Pulmonary hypertension is a health condition in which the lungs suffer because of an increase in blood pressure. It is an umbrella term covering various types of pulmonary hypertension. The condition often worsens over time; that said, certain forms of therapy can alleviate symptoms and improve quality of life. WHO has classified it into five categories. The cause of pulmonary hypertension in patients is mentioned below.
Pulmonary Arterial Hypertension (PAH)
Pulmonary hypertension is divided into multiple types, of which group one is Pulmonary Arterial Hypertension (PAH). It occurs when the arteries located in the lungs turn stiff, thick, or narrow because of cholesterol deposition. In the case of PAH, the heart’s right side is forced to work harder than usual to ensure that blood passes the narrow arteries and reaches its destination. The extra stress faced by the cardiac organ can eventually lead to its weakening and inability to pump blood through the respiratory system and deliver it to the rest of the body.
PAH is further divided into idiopathic pulmonary arterial hypertension and heritable pulmonary arterial hypertension. The cause of idiopathic PAH is not known clearly and can be difficult to diagnose at an early stage. As the name suggests, heritable PAH is associated with genes and predisposition to certain medical conditions. Patients with medical conditions like liver diseases, congenital heart diseases, HIV, lupus, and more are at an increased risk of developing PAH. There are ways to help prevent or manage PAH; however, there is no cure for the condition.

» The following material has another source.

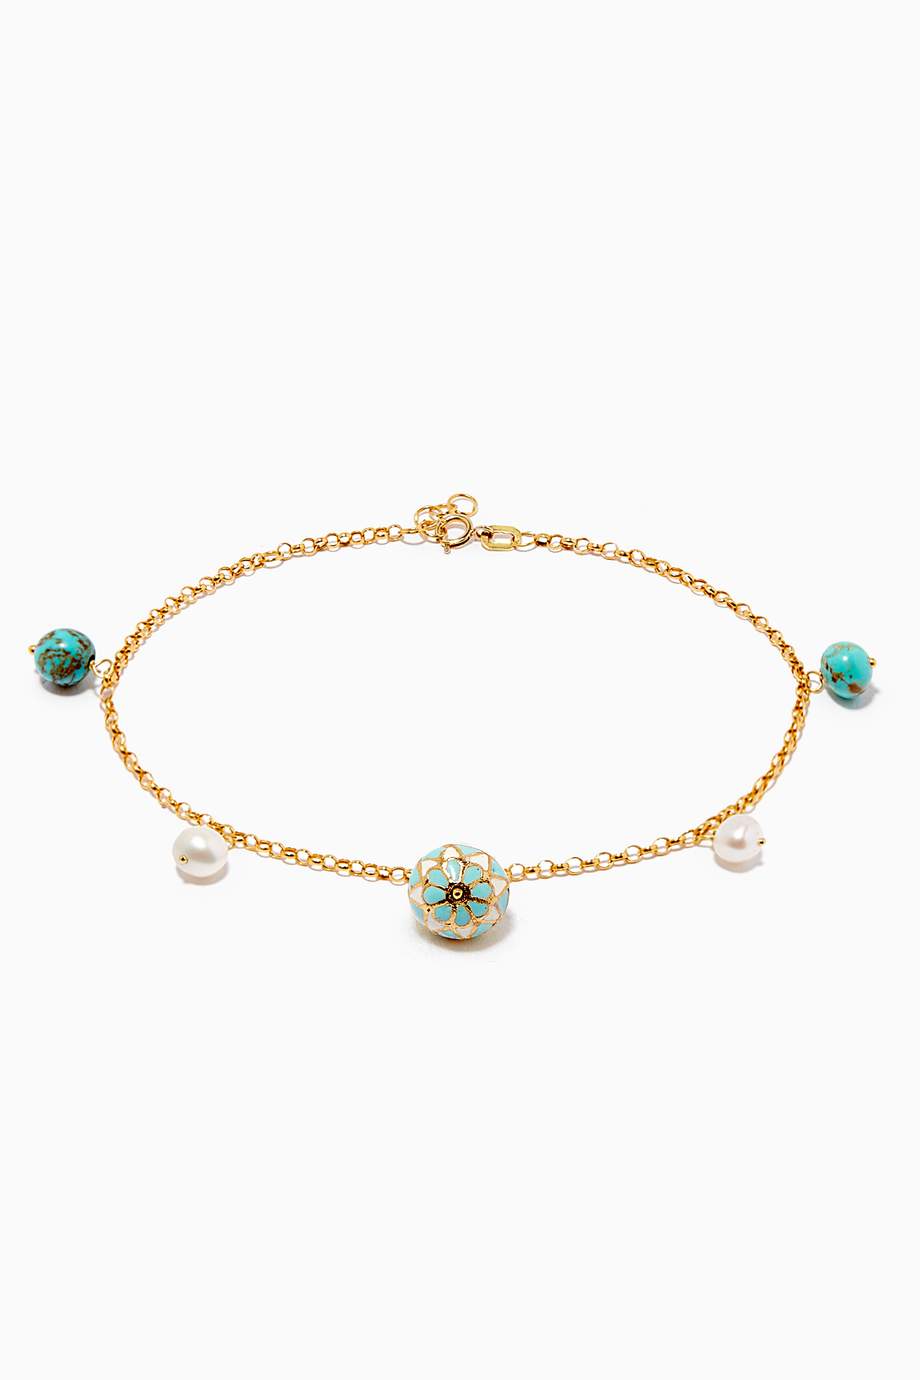 Shop M's Gems Gold Feroza Charm Bracelet in 18kt Gold for Women ...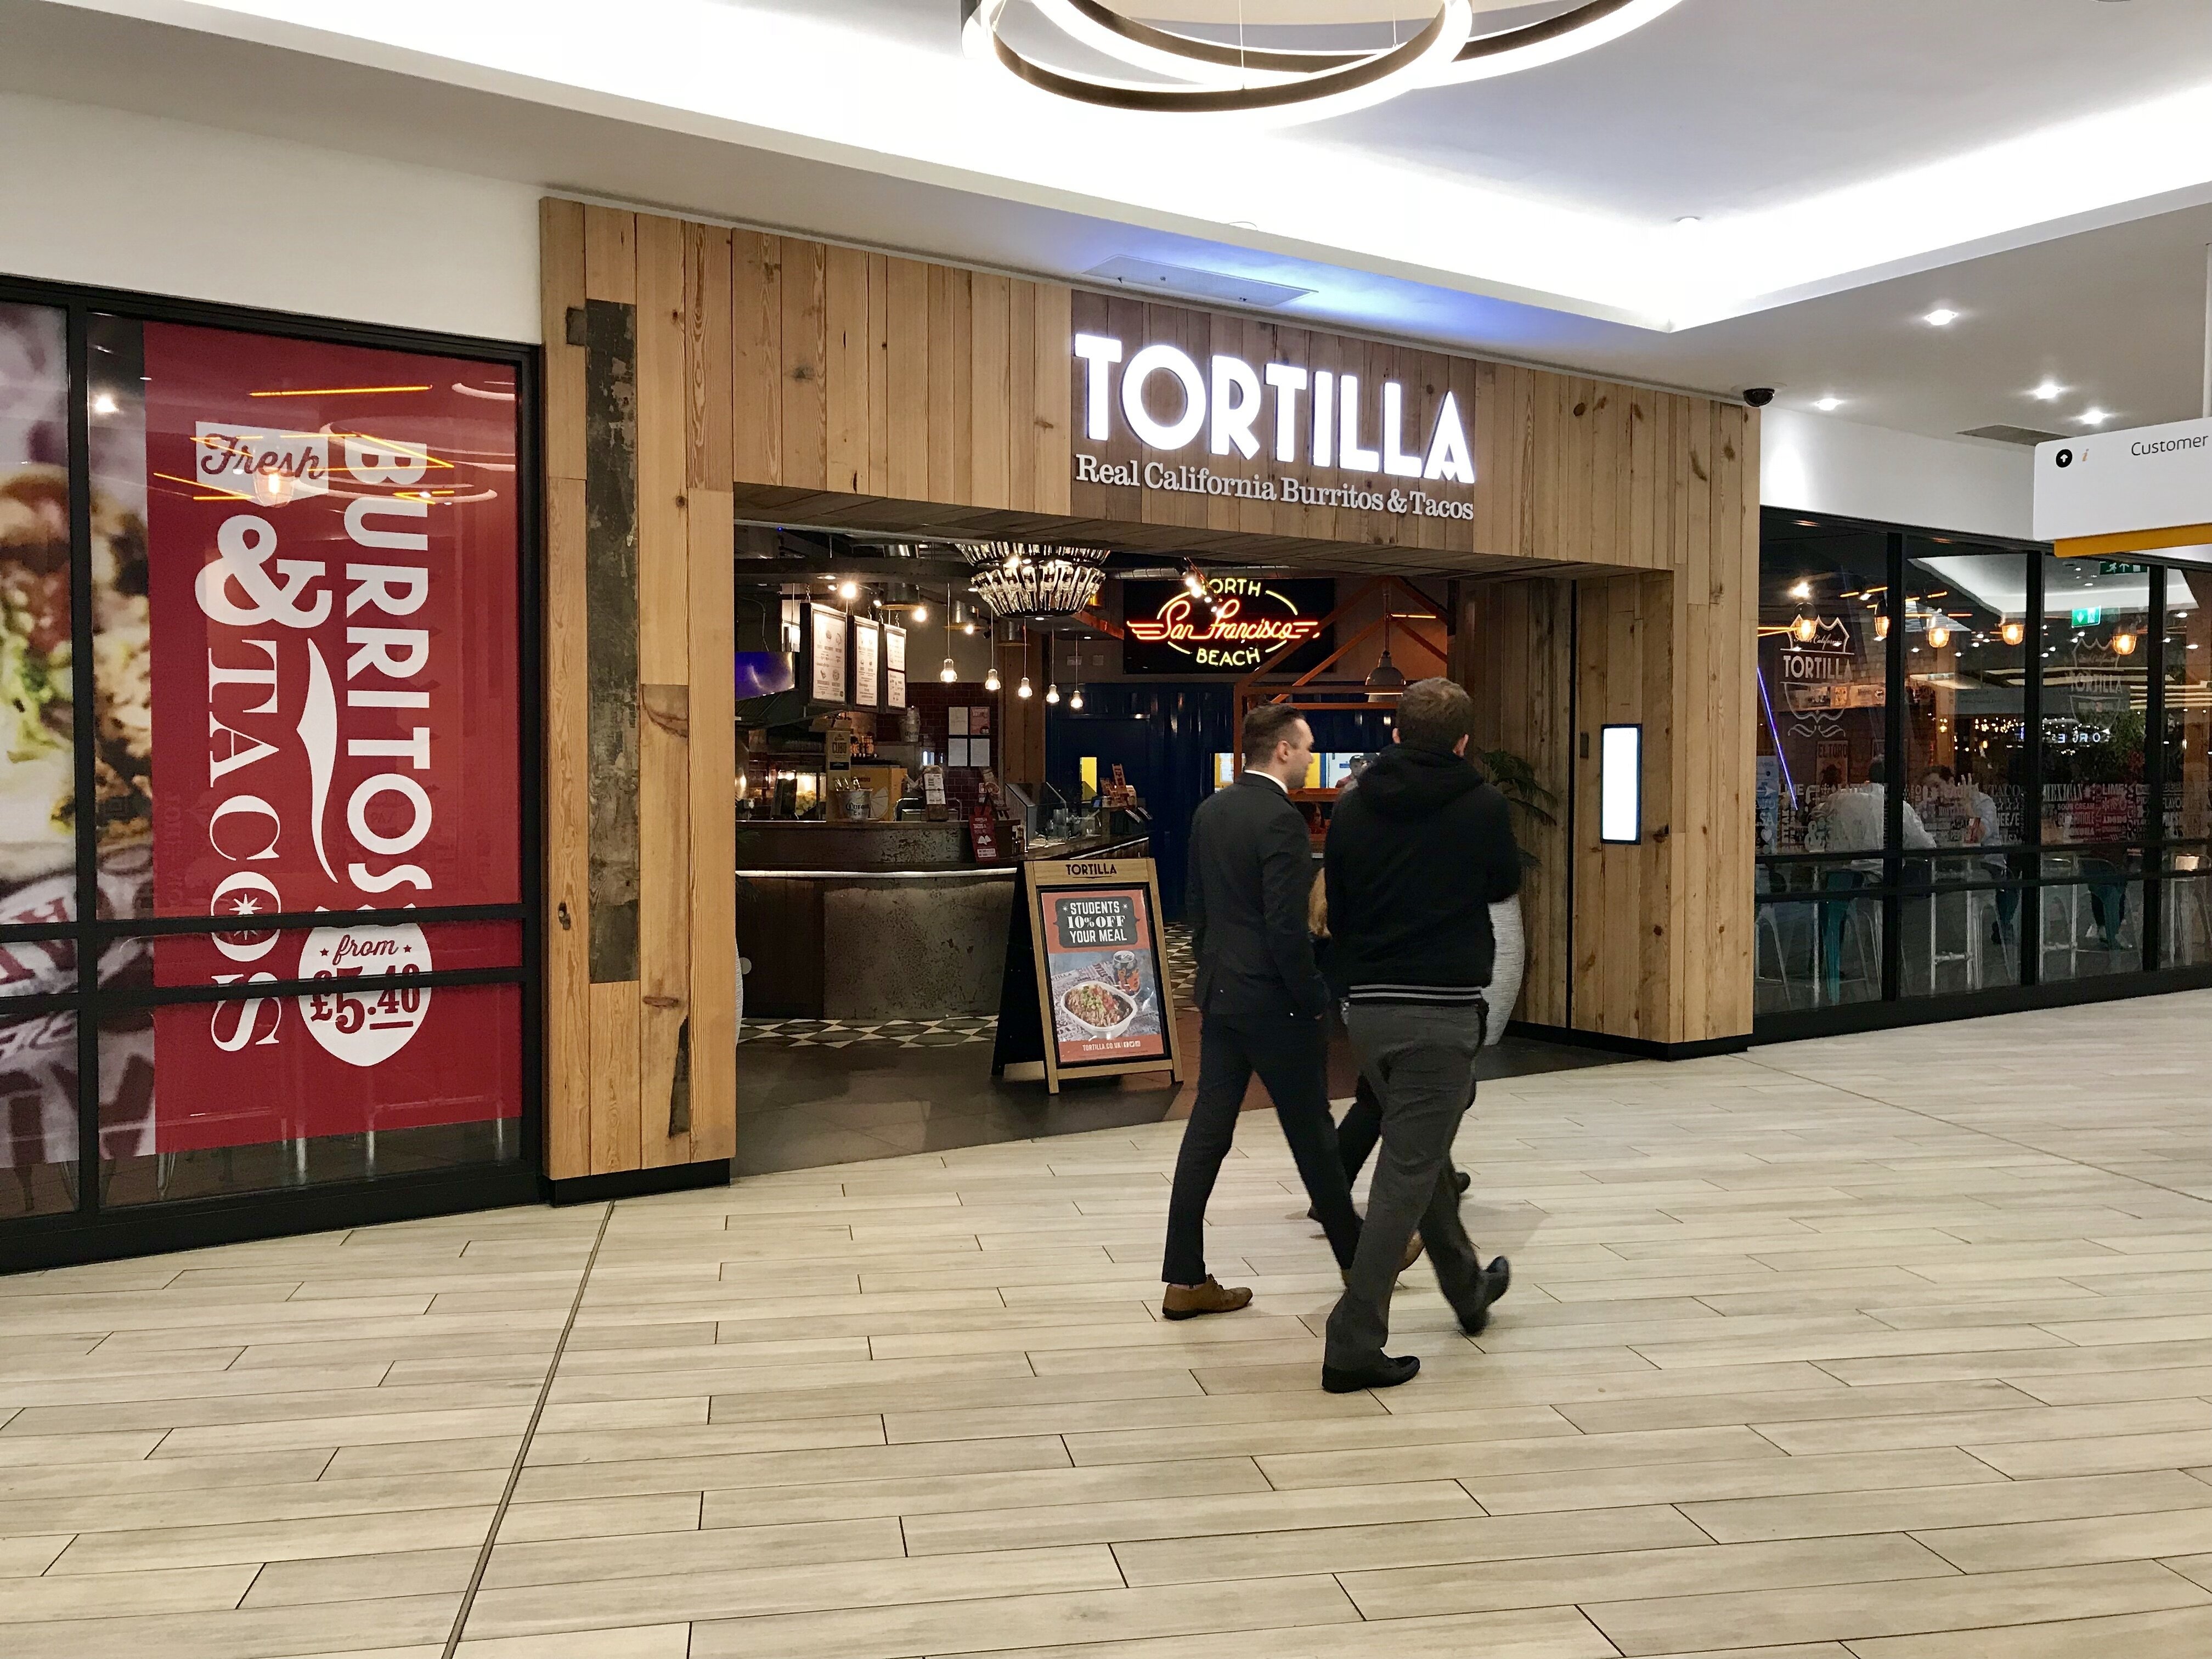 Tortilla valued at £70m ahead of stock market float

Pulmonary hypertension due to left heart disease
The second category or the group two of different types of pulmonary hypertension is that caused by left heart disease. In this type, the arteries of the patient’s lungs are not as stiff as they are in the case of PAH. However, patients falling in group two tend to face issues with their cardiac function. The problem occurs with the valve on the left side of the heart or the contraction and relaxation of the heart. This causes the blood to flow back into the lungs, causing regurgitation and increasing blood pressure in the lungs. This type of pulmonary hypertension is the most common type seen in patients.
Pulmonary hypertension due to lung disease
As the name suggests, people who develop pulmonary hypertension because of an underlying condition associated with the lungs fall under group three of WHO’s pulmonary hypertension classification. This can include conditions caused by low oxygen levels (hypoxia) and chronic lung diseases. Conditions like chronic obstructive lung disease, wherein the airways narrow down and make breathing difficult, are also included in the risk factors. Pulmonary fibrosis or interstitial lung diseases, in which the lungs cannot expand as much as they should, can also contribute to an increased risk of pulmonary hypertension. Other factors include being at a high altitude for a prolonged time and sleep apnea. All these conditions constrict the blood supply to limited areas of the lungs, eventually leading to hypertension.
Pulmonary hypertension due to chronic blood clots in the lungs
Chronic Thromboembolic Pulmonary Hypertension (CTEPH) is the fourth type. This type of pulmonary hypertension results when the body fails to dissolve a blood clot formed or found in the lungs. This inability to dissolve a clot can lead to scar tissue formation and can cause blockage in the lung arteries—this blockage results in restricted blood flow and increased pressure on the right side of the heart. Like we saw earlier, the pressure to work harder gradually weakens the heart muscles. However, unlike most other types of pulmonary hypertension, this type can be managed by pulmonary thromboendarterectomy or PTE surgery. This procedure helps remove clots from the lungs and their arteries, helping restore normal blood flow and pressure. That does not mean that all CTEPH patients are eligible for this surgery. Other options are available for patients who do not qualify for PTE procedures or did not benefit from them. These options are to be determined with consideration and elaborate discussions with professional health care providers.
Pulmonary hypertension due to unknown causes
The last group in the pulmonary hypertension category includes patients whose cause of the condition isn’t clearly determined. This includes the development of pulmonary hypertension as a secondary condition. This can be associated with conditions like sickle cell anemia, metabolic disorders, spleen removal, sarcoidosis, and more. The options to manage this condition are determined by a medical practitioner based on the patient’s medical history. Their primary method of controlling the condition will be combined with other options that help relieve the pulmonary pressure and prevent further complications.